The National Park already has some amazing biodiversity – including over 20 species of butterfly being found in just one square metre of chalk grassland and some heaths having all 12 native reptile and amphibian species. But, even here in the South Downs, nature is struggling and needs our help.

Andrew explained:

“The crux of this initiative is that we want nature everywhere for everyone. Nature recovery in the South Downs National Park is not one big ‘rewilding’ project – it will be achieved through lots of different projects, both large and small, that together will create nature recovery.

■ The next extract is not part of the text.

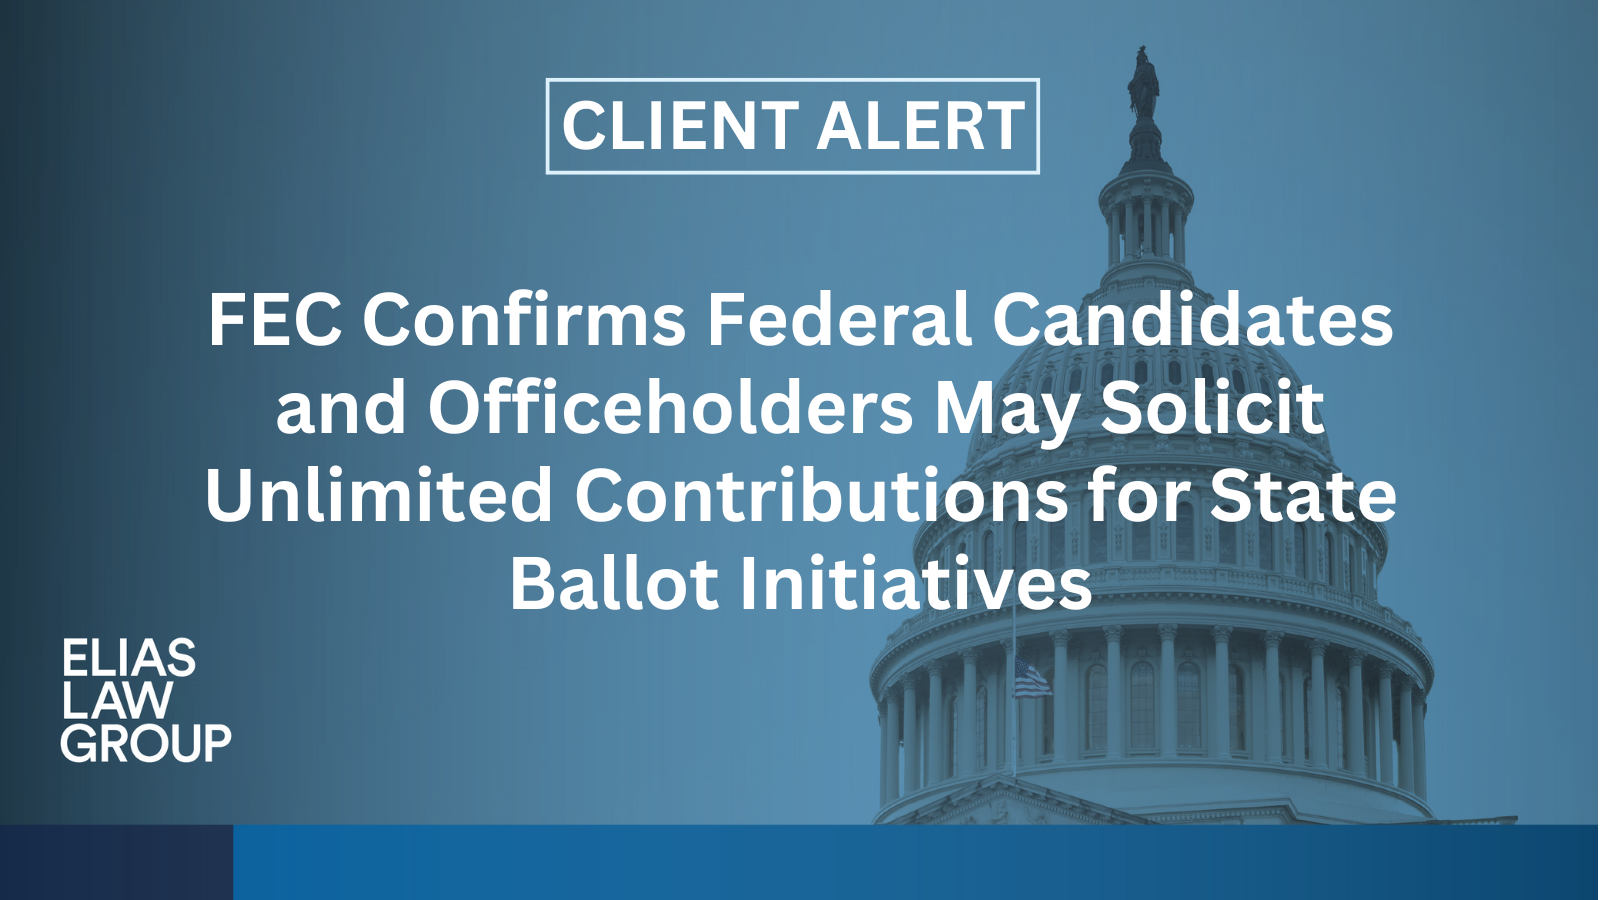 FEC Confirms Federal Candidates and Officeholders May Solicit Unlimited Contributions for State Ballot Initiatives

“Our goal will be achieved by working with our farmers, land managers, communities and local authorities, as well as other partners and environmental charities. It will include everything from hedgerow restoration, to planting thousands of trees, to the restoration of individual village ponds, to planting new wildflower corridors.

“Nature recovery is about a National Park that is better for wildlife and people, that will also restore, conserve and enhance the magnificent and varied landscapes that make the South Downs so special.”

Individuals, communities, businesses and funders are now being encouraged to help with the fundraising.

Julie Fawcett, Chair of the South Downs National Park Trust, said:

“We know we’re aiming big with our fundraising target, but nature desperately needs our help. As a charity, we hope to raise the funds over the next decade in a variety of ways, including donations, grants, public funds and private finance.

“We really want this campaign to capture people’s imaginations about the beauty of nature and the important role we can all play in giving it a helping hand.

“Whether it be making a donation, putting up a bird box in your garden or planting a tree at your school, everyone can help nature.”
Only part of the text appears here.